Angusto, stretto, buio. Privo di qualsiasi prospettiva di ritorno. Mentre le pareti cuoiose si stringevano attorno ai fianchi e la testa, e la pinna, e la coda, il malcapitato essere si chiese come avesse fatto per finire in questa situazione. Da dove, ed in che modo, il suo torturatore fosse scaturito all’improvviso, avviando l’iter degli eventi che a tutti gli effetti, avrebbe presto condotto alla sua irrimediabile dipartita. “Ma un pesce non ha certo alcuna cognizione della sua mortalità” pensò lo Sternoptychidae con l’alta pinna e il corpo segmentato: “Quindi perché mai dovrei preoccuparmi?” Il suo mondo, adesso, era ormai quello e ad ogni modo, presto le cose avrebbero trovato il modo di migliorare. Per un attimo, come all’apertura di una possibile via d’uscita, s’intravide innanzi un tiepido bagliore.. Proveniente dall’imbocco, se non vogliamo usare il termine specifico di “bocca” del padrone della camera pulsante, colui che aprendola e chiudendola, riusciva a controllare il fato degli sventurati nuotatori abissali. Mentre come sbarre alle finestre, gli appuntiti denti piegati all’indentro ricordavano al malcapitato l’ora esatta del suo ultimo capitolo, già cominciato. Senza luce, senza fiato, senza spazio per aprire le sue branchie, per qualche ultimo minuto di coscienza egli pensò: “Se SOLTANTO almeno una volta, avessi potuto cogliere il suo sguardo, guardare negli occhi il mio carnefice, chiedendogli il nome…”

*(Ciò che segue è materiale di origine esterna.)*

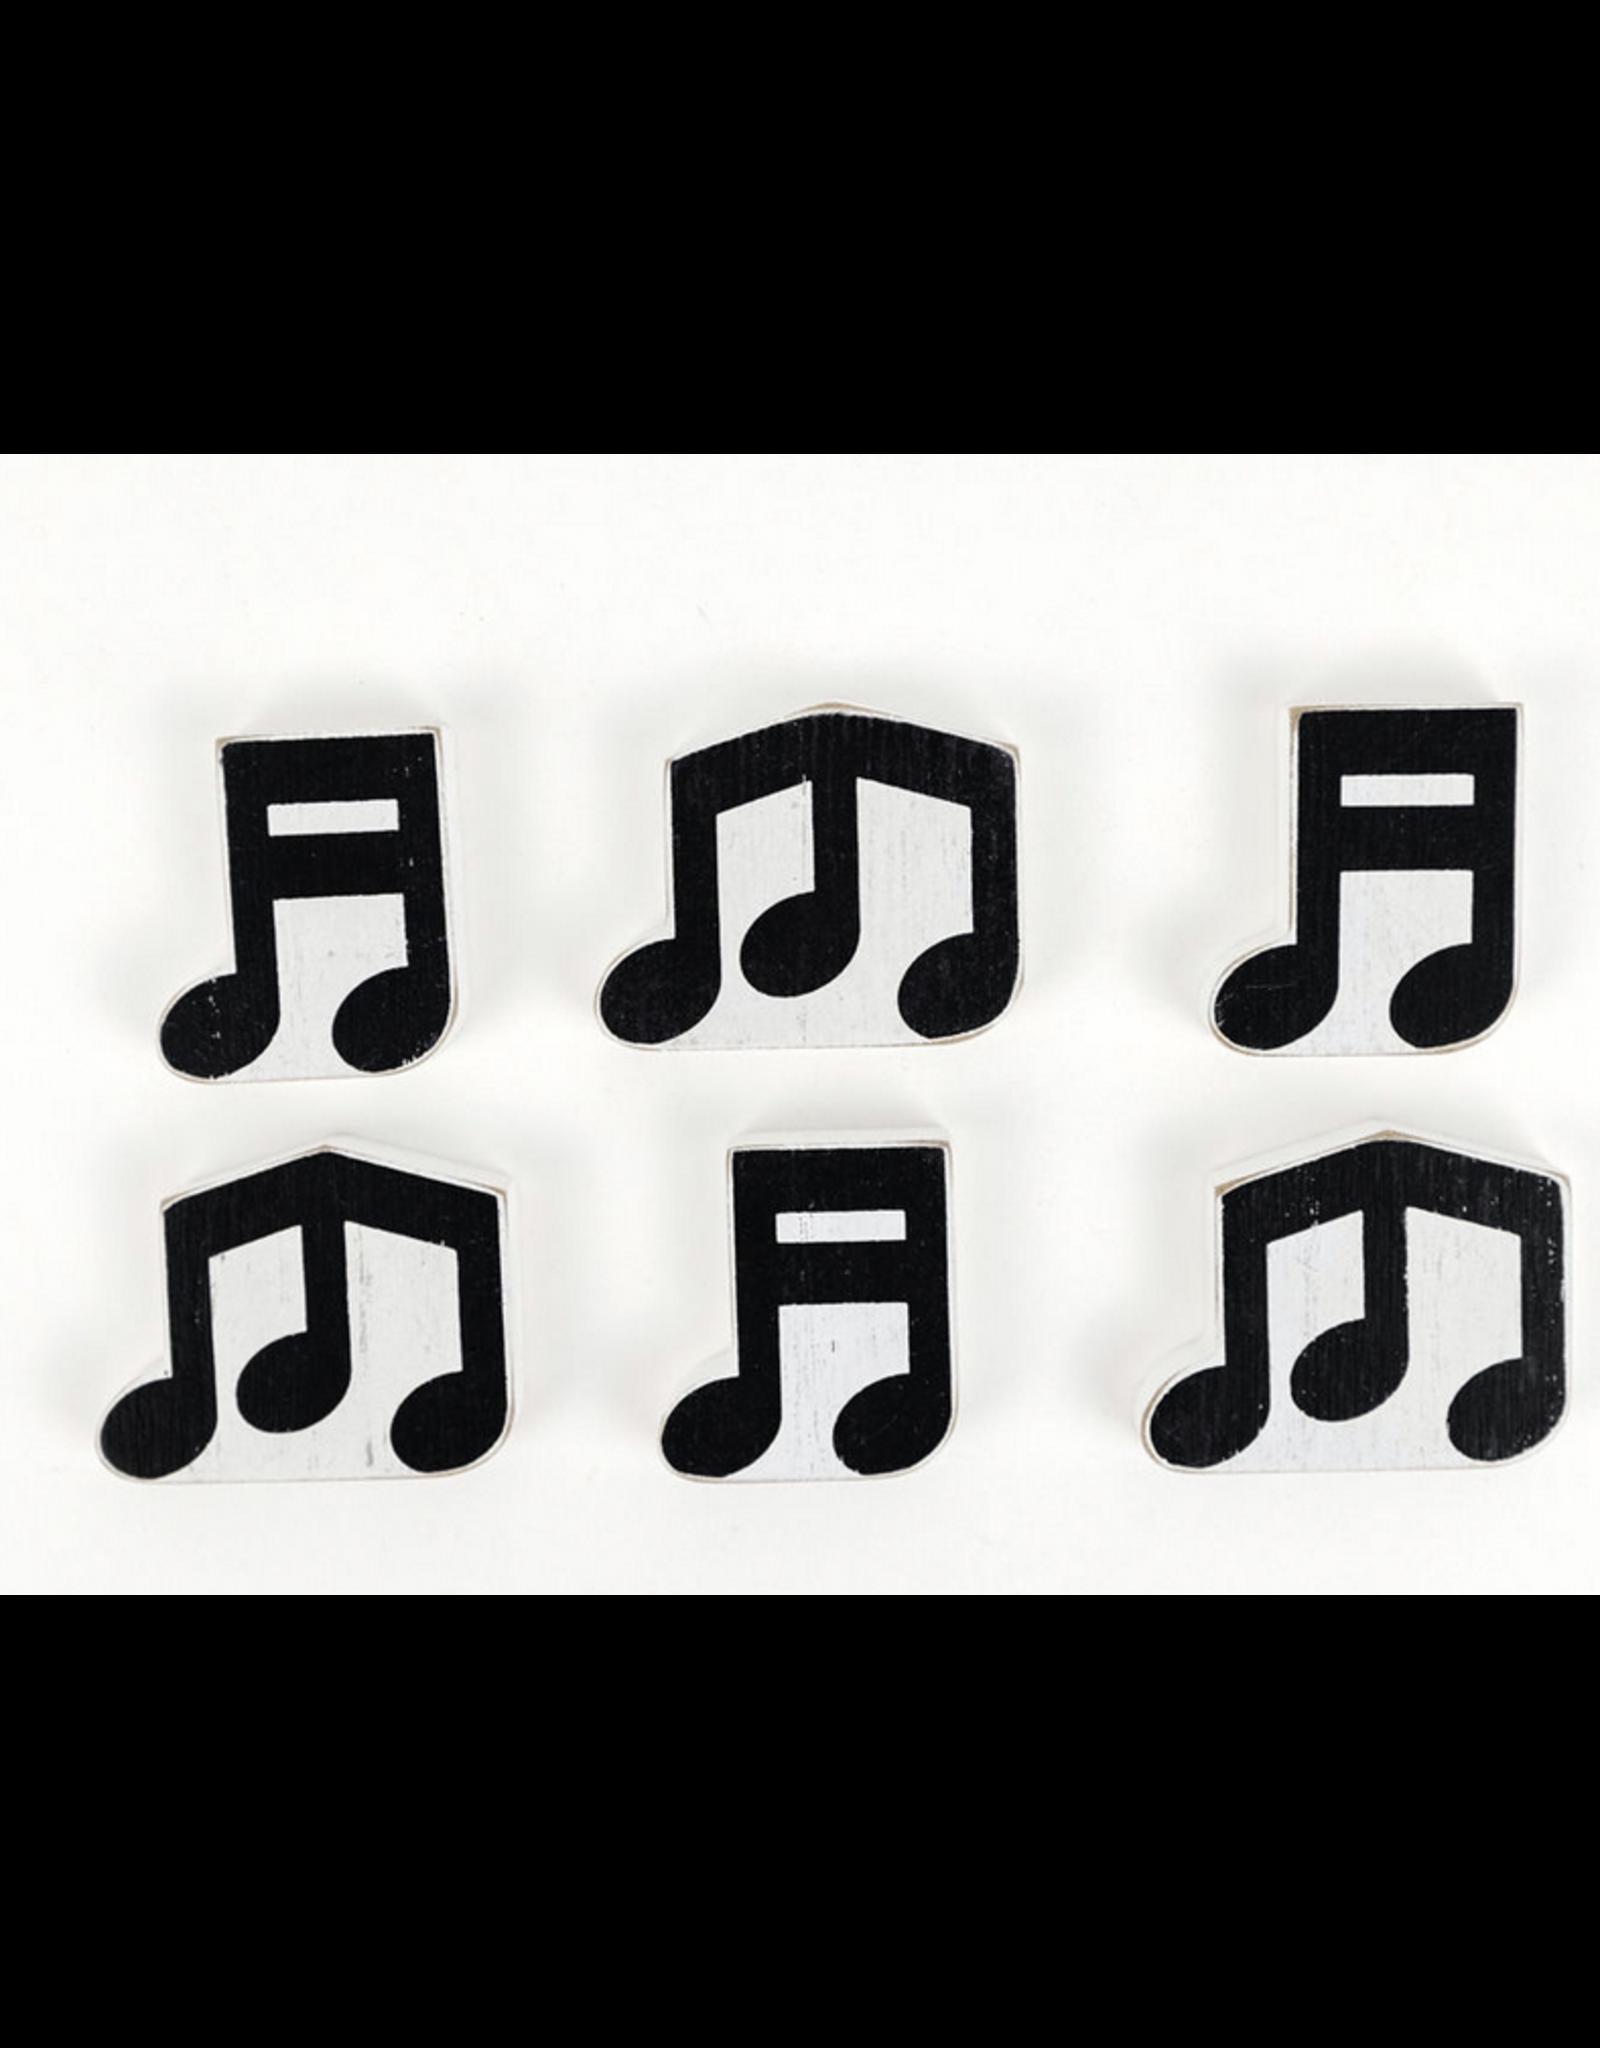 Adams & Co. Music Note Tiles

Chiasmodon niger: se lo conosci lo eviti, se lo incontri, cambi strada e vai dall’altra parte perché dopo tutto, nel profondo dell’oceano a 700-2.500 metri, che differenza vuoi che possa fare? Sebbene come lascia presagire il nome, non sia facile riuscire a scorgerne la forma nei recessi tanto remoti dell’altissima colonna marina, ove i flutti confluiscono in un Maelstrom e le scie svaniscono, come la coda di una cometa in una sera oscurata dalle nubi. Così egli piomba, sfruttando l’agilità superiore alla media concessa dalle lunghe pinne pettorali e quella coda con tanto di spina velenosa, sulle prede inconsapevoli, iniziano efficientemente a fagocitarle. Ora se dovessimo giudicare il pesce ingoiatore sulla base di ciò che mangia, un po’ come vorrebbe lo stereotipo, penseremmo di aver parlato fino ad ora di un piccolo squalo o equivalente predatore, vista la dimensione degli esseri che gli riesce d’inserire all’interno del suo corpo relativamente allungato. Fino a 86-100 cm di bestie, consumate a fronte di un laborioso sistema di slogatura reiterata della mascella, con avanzamento di pochi centimetri alla volta lungo l’estensione di quegli scagliosi corpi o spuntini dell’ora di cena. Questo perché l’astuto e temibile anti-eroe, nella realtà dei fatti, possiede una lunghezza massima di circa 25 cm pari a quella di un sovradimensionato pesce rosso, cionondimeno sufficiente a trangugiare esseri che superano di fino a quattro volte la sua complessiva capacità di spostare l’acqua durante una placida nuotata verso arcane destinazioni. E come ciò possa succedere non è difficile giungere a capirlo, nel momento in cui osservando dal basso l’affamato dominatore riesce ancora possibile apprezzare facilmente l’intera sagoma di ciò che ha catturato attraverso la membrana semi-trasparente di ciò che potremmo paragonare, senza particolari dubbi, all’effettiva forma di un pallone da basket o volleyball di una tipologia particolarmente inquietante. Non che tale scena debba in alcun modo apparirci strana ed innaturale, essendo essa stessa una diretta risultanza del sistema evolutivo della natura…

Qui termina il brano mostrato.